Notification webhooks have a known DNS-rebinding TOCTOU window that cannot be closed in code: LDR validates the URL once when it is configured, but the underlying Apprise library resolves the hostname again at send time, and Apprise exposes no DNS/Session hook to pin the resolved IP. A logged-in user with a controllable domain can serve a public IP at validation and a private IP at send time, causing the LDR server to make outbound HTTP requests to its own internal services (e.g. 127.0.0.1:<internal-port>) or the local network.

Because LDR is multi-user (per-user encrypted SQLCipher databases behind @login_required), the right default is to keep this feature off until the operator explicitly opts in — flipping the env var is the operator's acknowledgement of the residual risk. See SECURITY.md for the full rationale and operator-side mitigations (prefer plugin schemes over raw http(s)://, restrict egress).
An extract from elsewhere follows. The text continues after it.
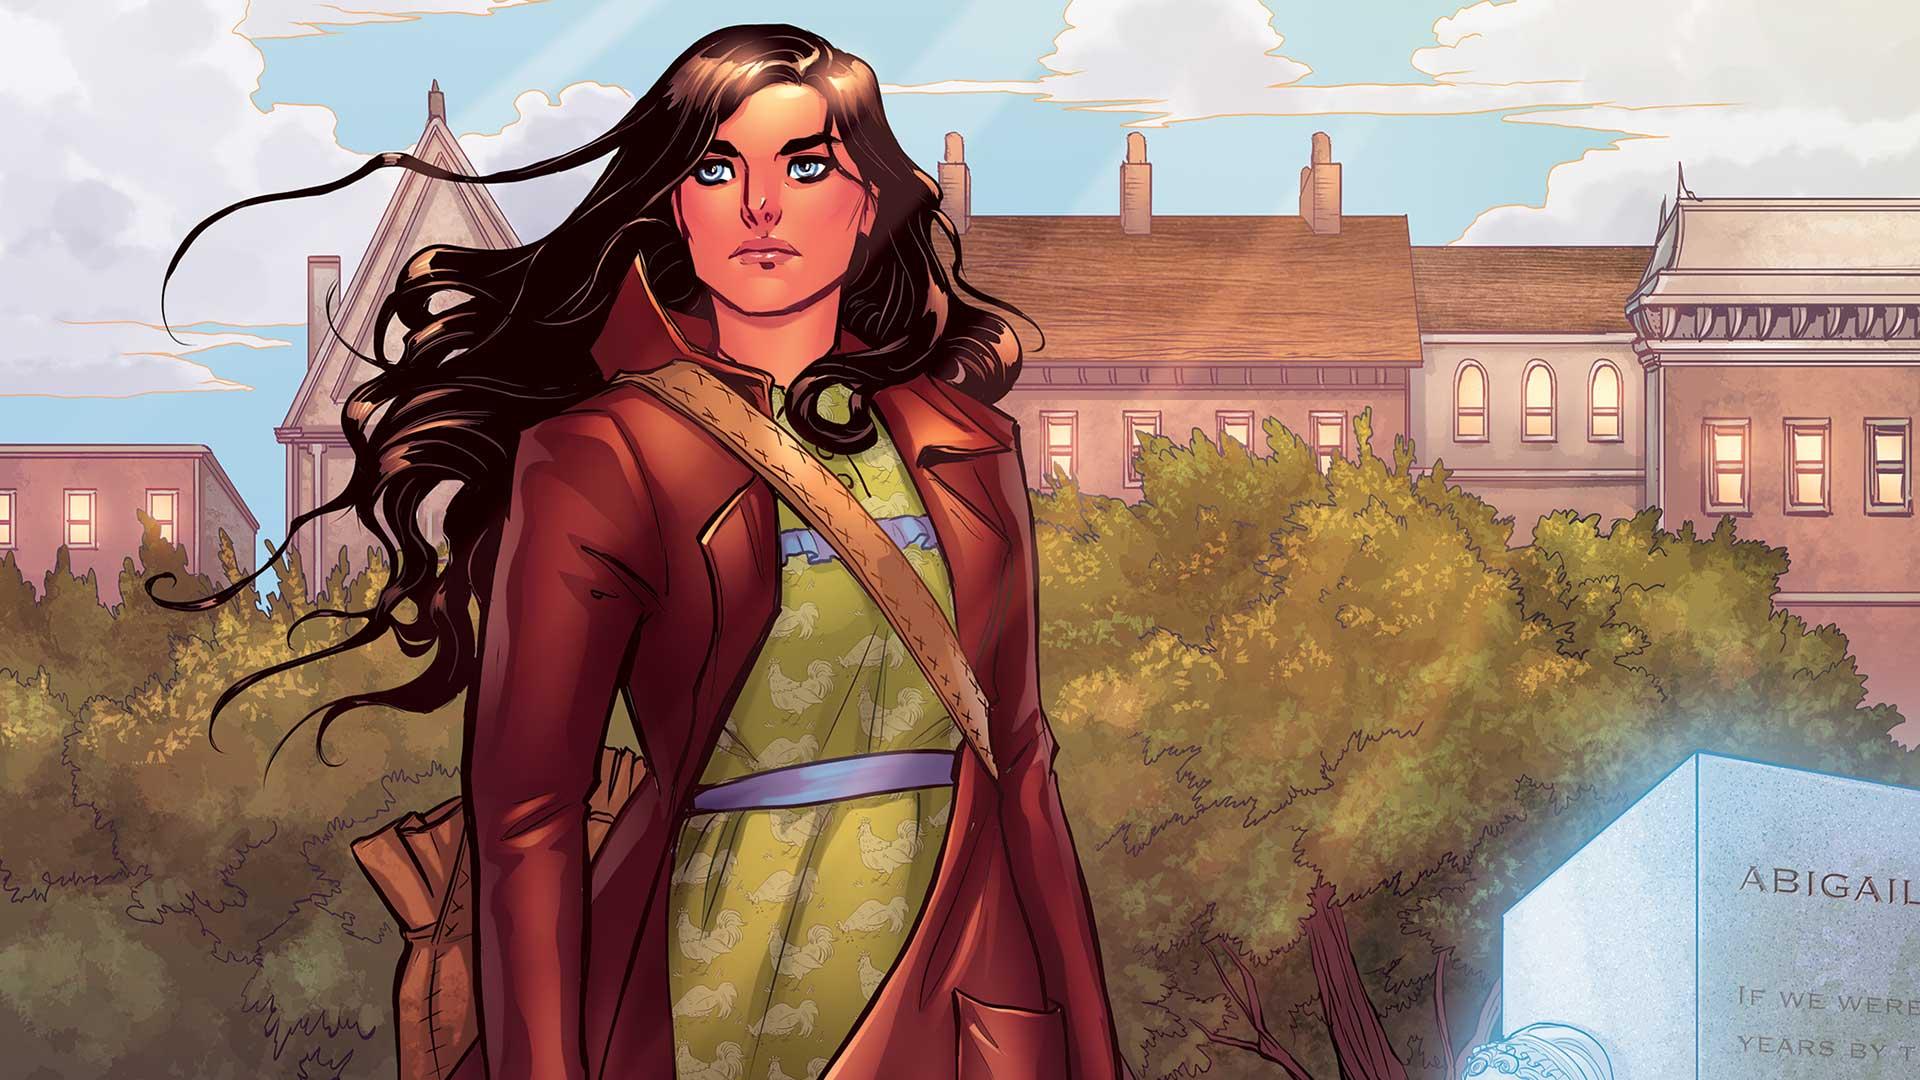 La leyenda de Wonder Woman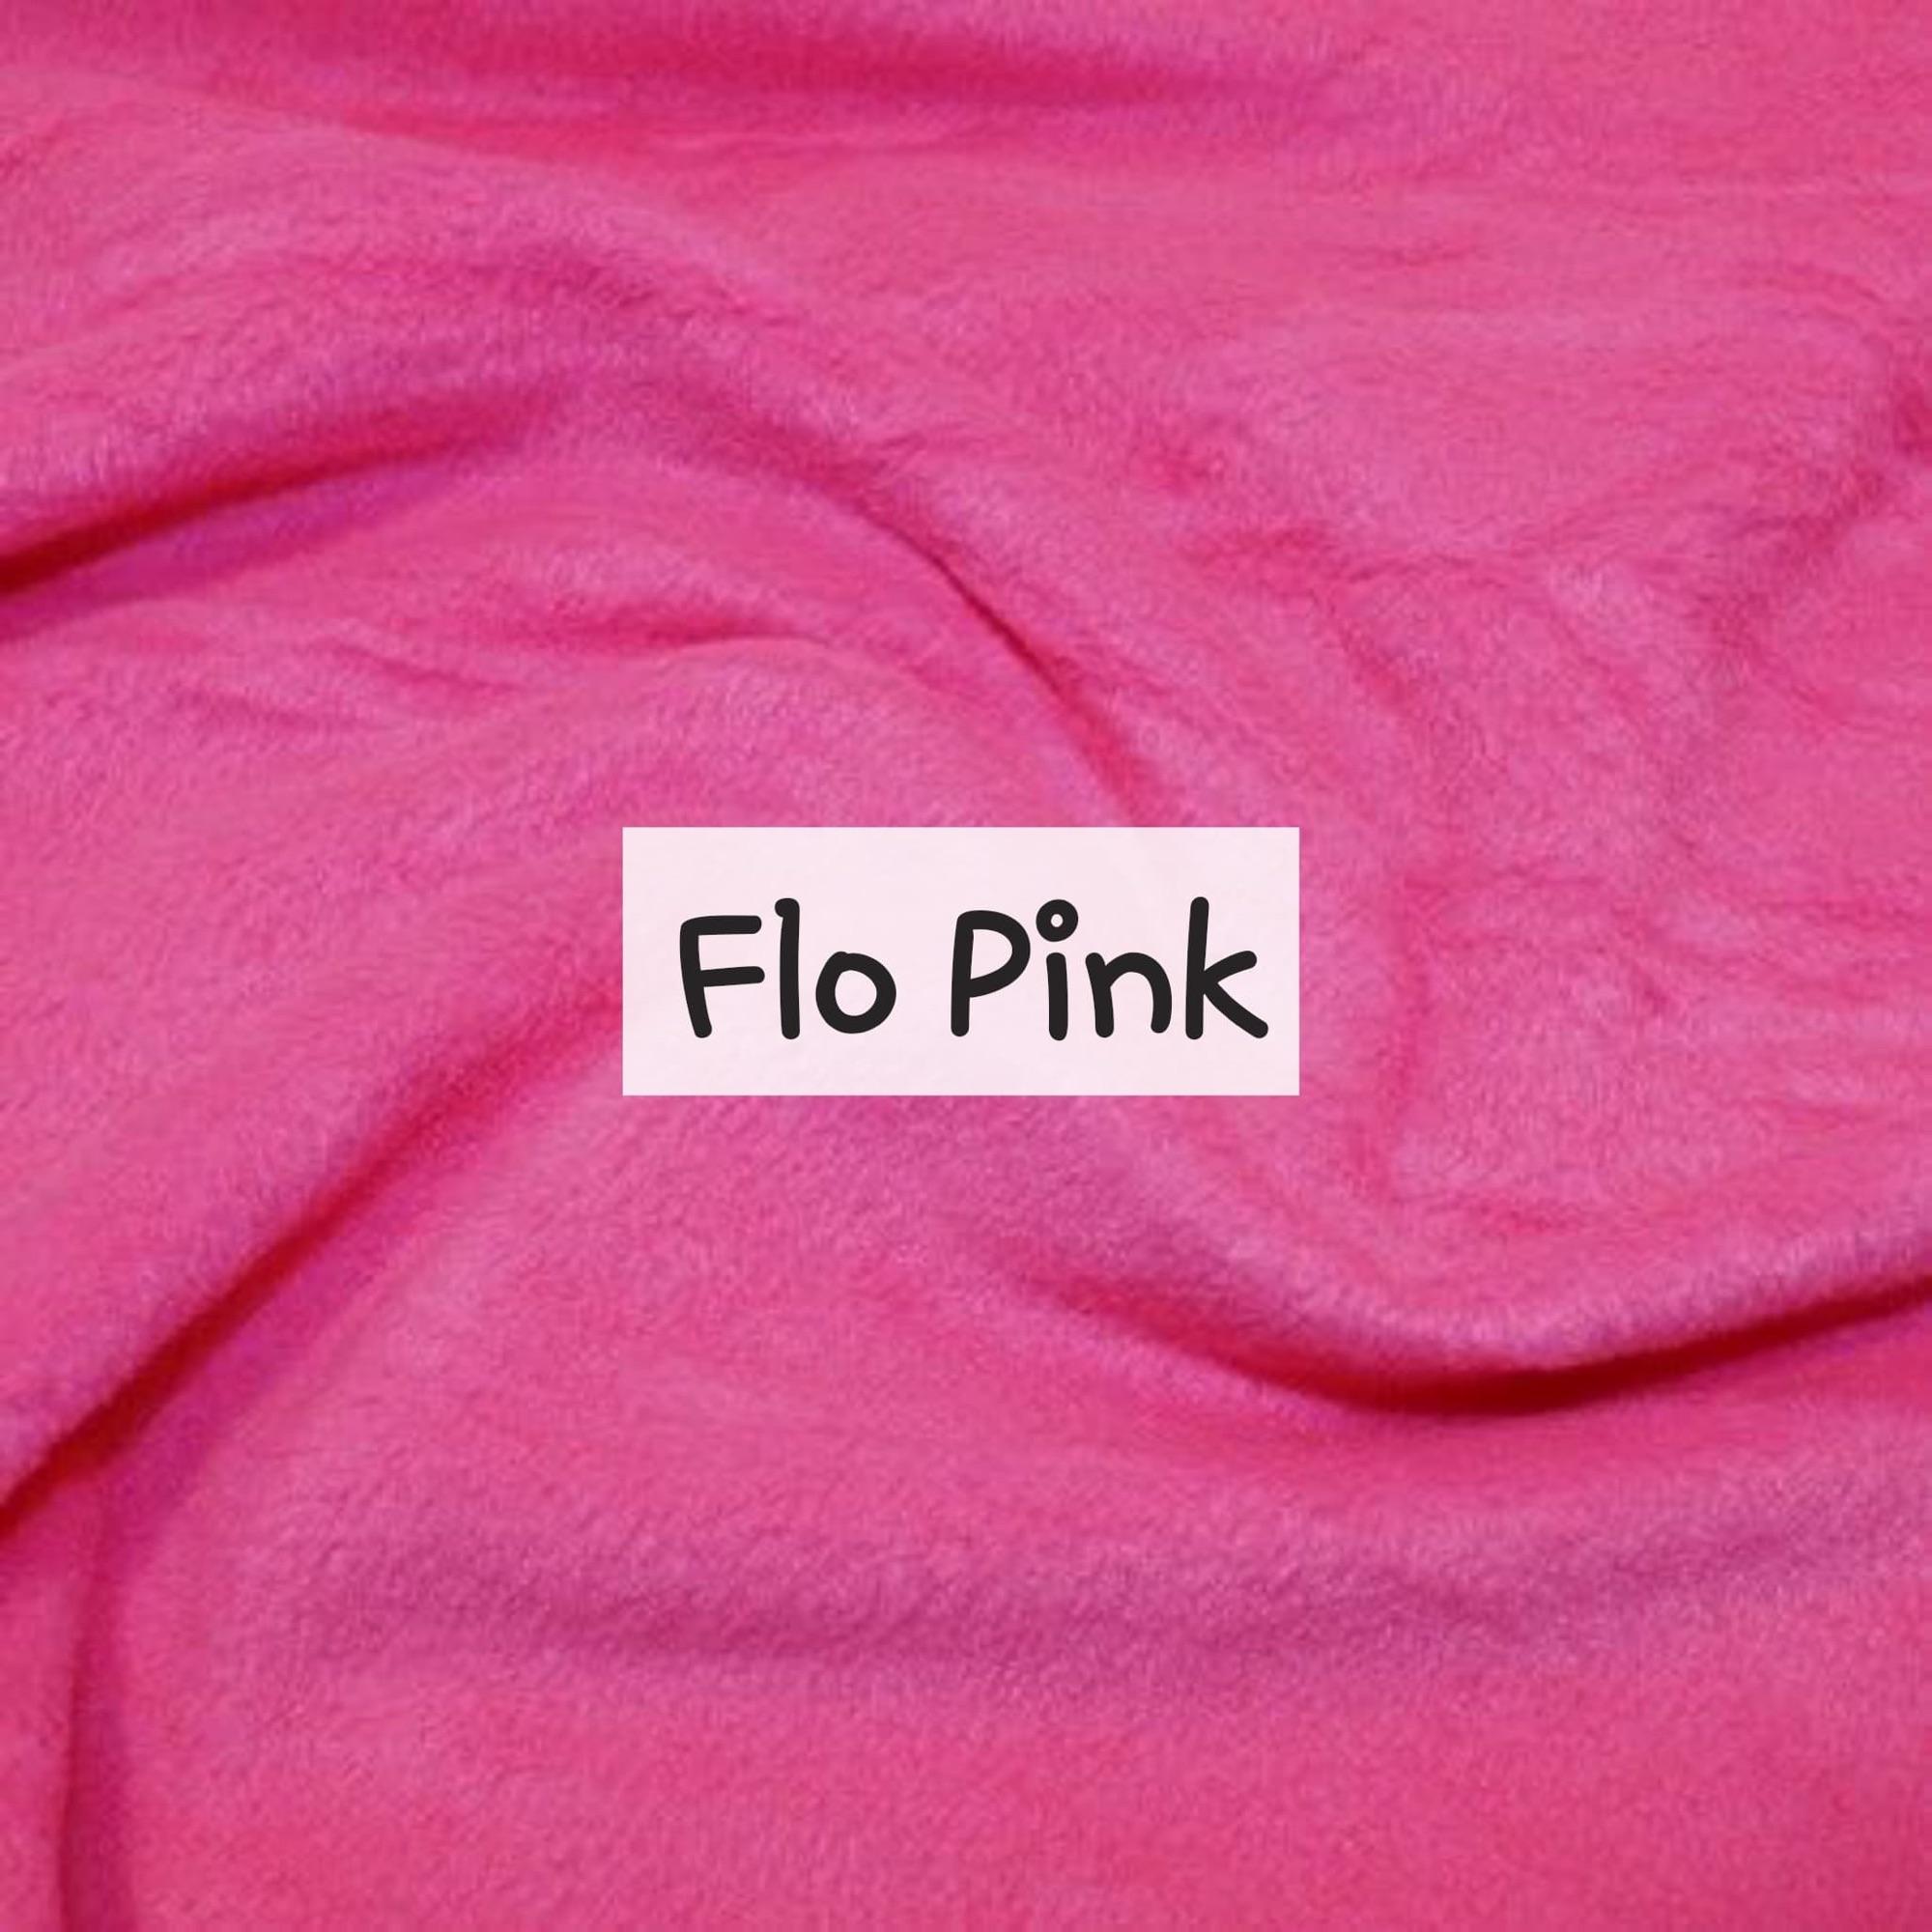 Flo Pink Fleece

Symptoms when the gate is closed

If you've configured a notification URL and aren't receiving messages, check the server logs first. You should see lines like:

WARNING  Notification refused: outbound notifications are disabled at the
         server level. Set LDR_NOTIFICATIONS_ALLOW_OUTBOUND=true to enable.
         See SECURITY.md 'Notification Webhook SSRF' for the rationale and
         residual risk. (event=research_completed, user=...)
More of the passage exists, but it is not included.